SOFRANIZIN ÇEŞİTLİLİĞİNİ ARTIRIN
İftar sofranızda farklı besinlere yer verilmesi gerektiğini açıklayan Özbek, “Haftada 1-2 defa kırmızı et, 1-2 gün balık, 1-2 gün kuru baklagiller, haftada 1-2 gün sebze yemeği beslenmenizde sağlıklı bir dengeyi kurmanızı sağlayacaktır.
Uzun süren açlık sonrası iftarda mideyi çok hızlı doldurmamak gerekir. Mide problemleri ve buna bağlı sorunlarla karşılaşmamak için öğünlerinizi küçük lokmalar halinde yavaş yavaş ve küçük porsiyonlar halinde yiyin. Sindirim problemi yaşamamak için lokmalarınızı iyice çiğneyin” dedi.
SAĞLIKLI PİŞİRME YÖNTEMLERİNİ KULLANIN
“Ramazan ayında tüketilen besinlerin pişirilme yöntemlerine de dikkat etmekte fayda var” şeklinde konuşan Uzm.
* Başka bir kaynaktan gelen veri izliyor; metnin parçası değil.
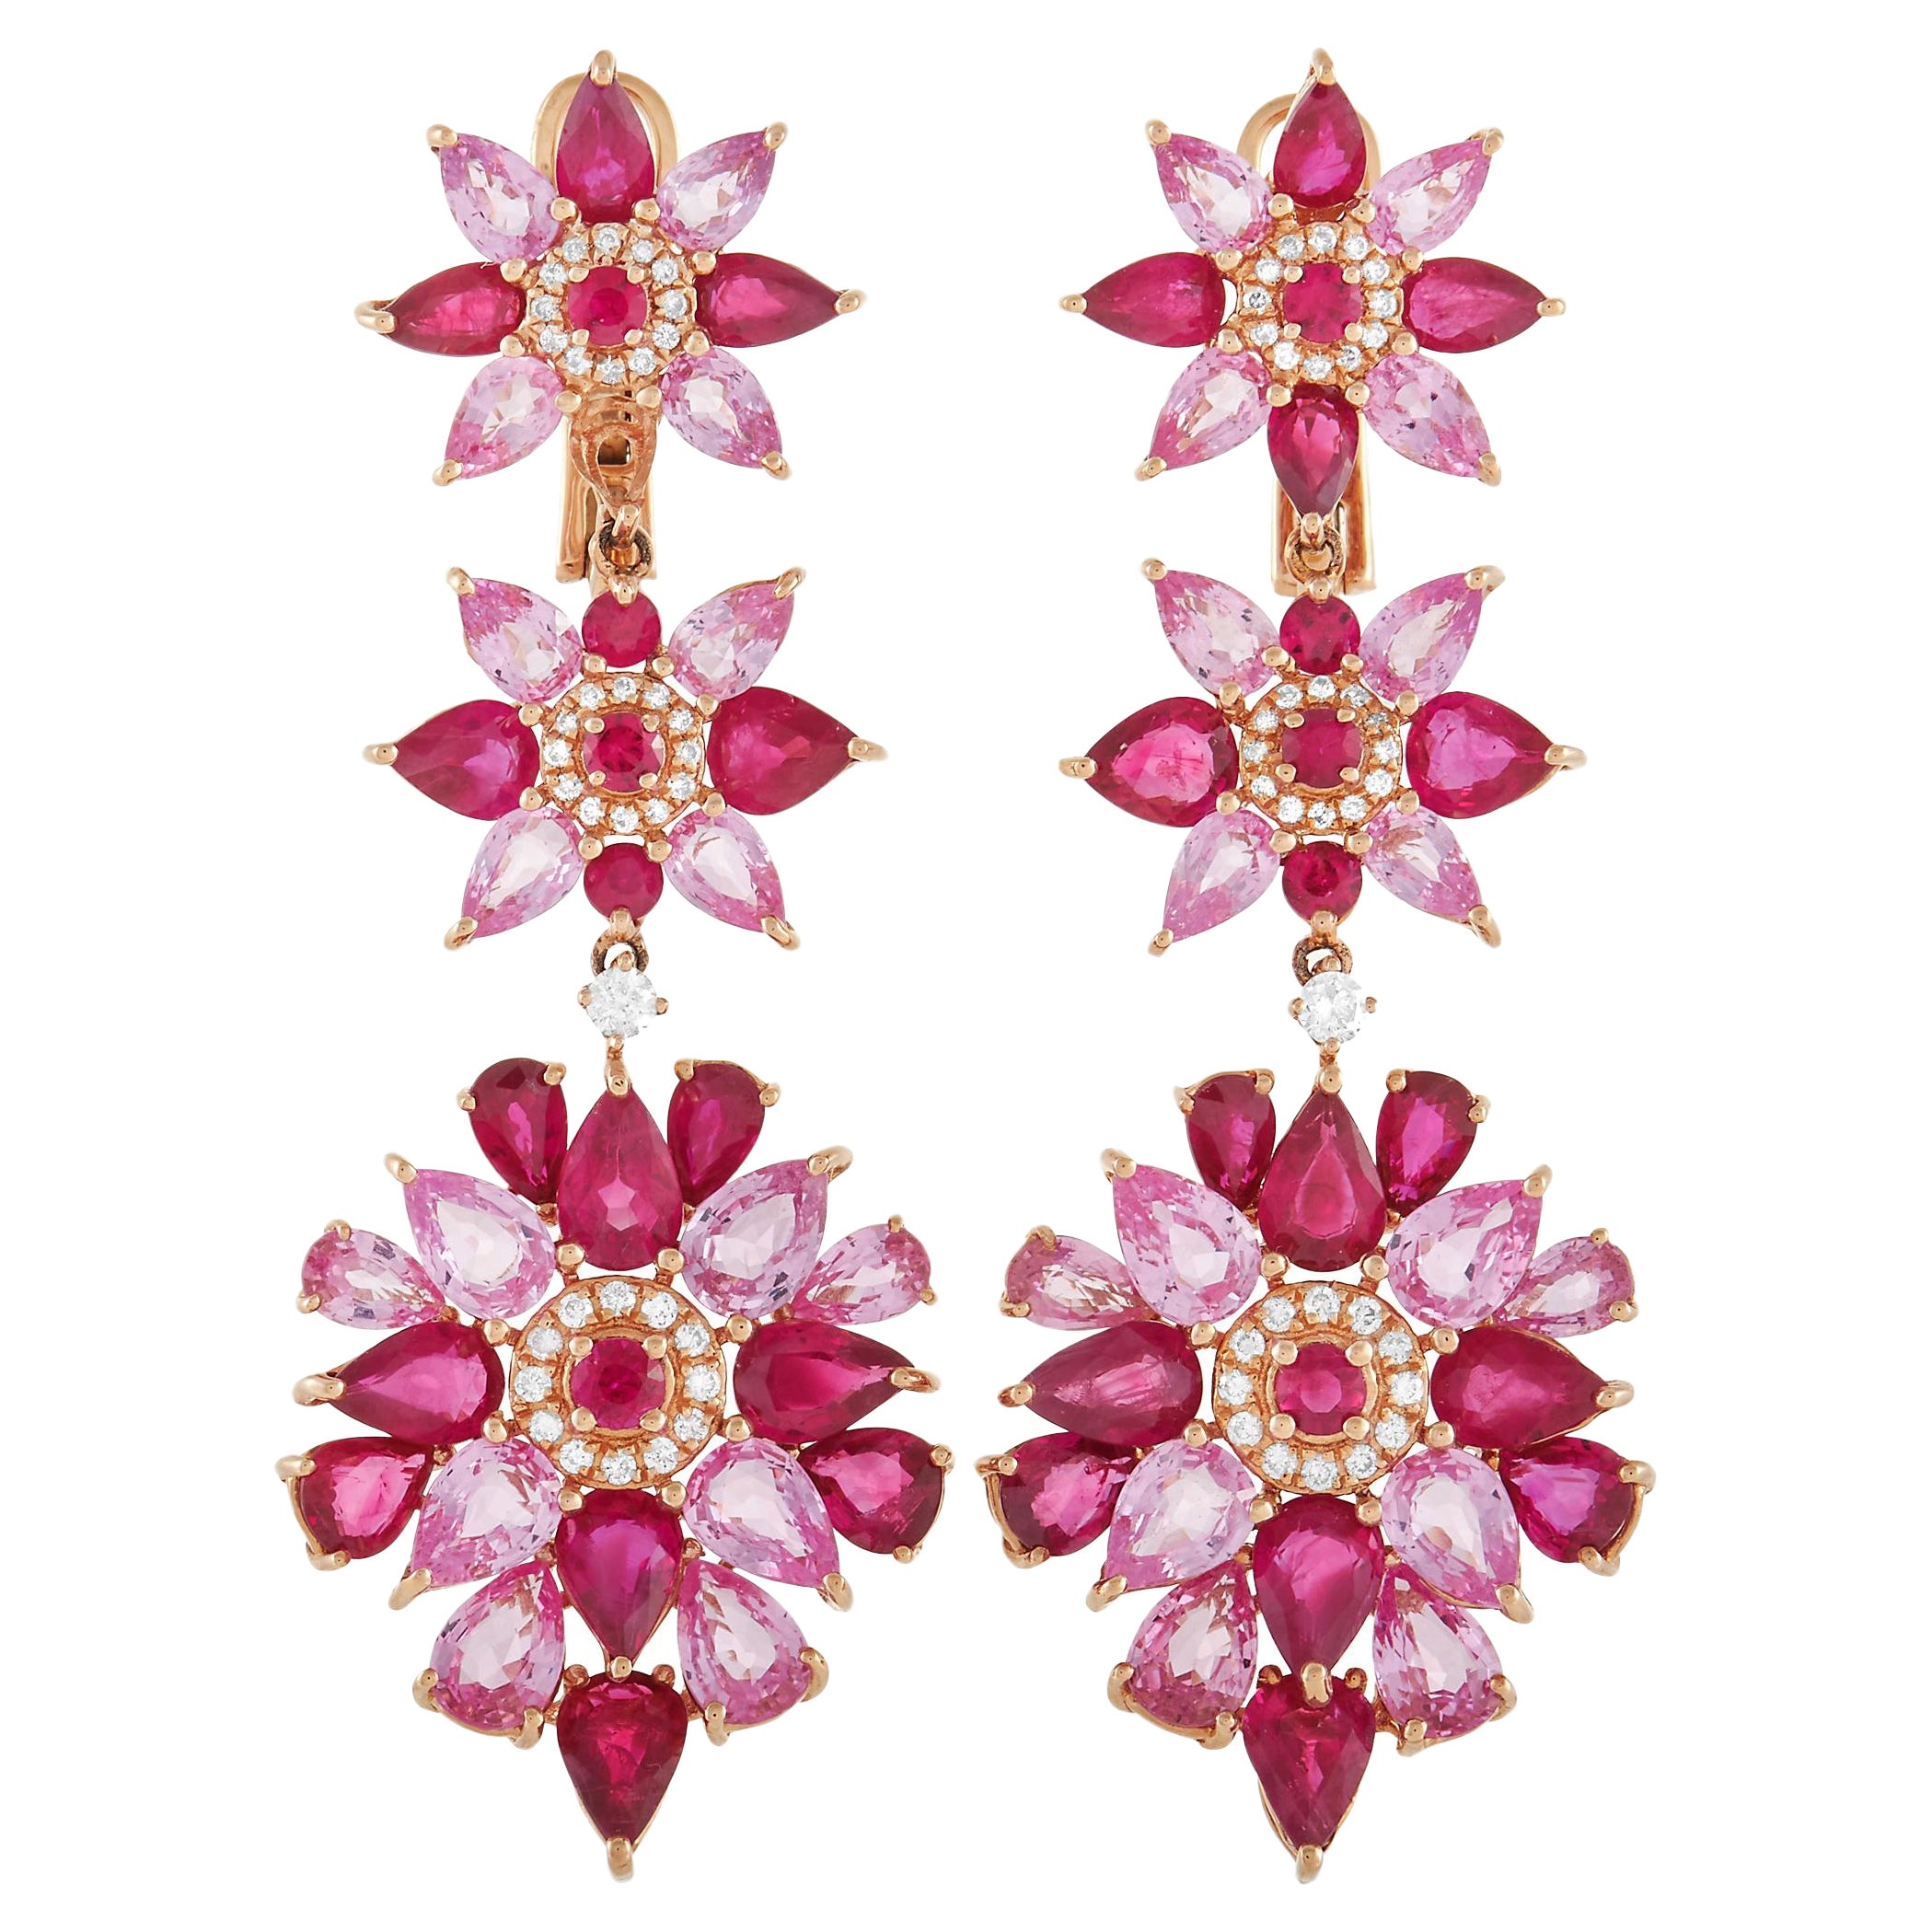 LB Exclusive French Collection 18K Rose Gold Diamond, Ruby and Sapphire Earrings

Dr. Resul Özbek, “Çok yağlı ve kızartma usulü pişirilmiş yiyecekler yerine ızgara, fırında, haşlama veya buğulama yöntemleri ile pişirilmiş yiyecekleri tercih etmek sizi mide krampları, reflü, mide yanması ve hazımsızlıktan koruyacaktır. Beslenme alışkanlığının değişmesine bağlı olarak kabızlık Ramazan ayında sıklıkla karşılaşılan problemler arasındadır. Bu nedenle bol lifli ve posalı yiyeceklerin tüketimi artırılmalıdır. Pirinç pilavı yerine bulgur pilavı veya kuru baklagillerin tercih edilmesi, sebze ve meyve tüketimine ağırlık verilmesi, kepekli veya tam buğday unu ekmeği tercih edilmesi bu dönemde yaşanabilecek kabızlık sorununu önleyecektir. Kabızlık sorunu yaşamamak için yeterli su tüketimi de son derece önemlidir” ifadesini kullandı.
TUZ TÜKETİMİNİ AZALTIN
Özellikle sahurda çok tuzlu gıdaları tüketmemeye özen gösterilmesi gerektiğini de hatırlatan Bursa İl Halk Sağlığı Müdürü Uzm. Dr. Resul Özbek, tüketilen çok baharatlı ve tuzlu gıdaların susama ihtiyacı çok fazla artıracağını söyledi. Özbek, İftardan 1,5-2 saat sonra 40-45 dakika yapılacak hafif tempolu yürüyüşün besinlerin sindirimine yardımcı olacağını hatırlatırken aynı zamanda yavaşlayan metabolizmanızı hızlandıracağını açıkladı.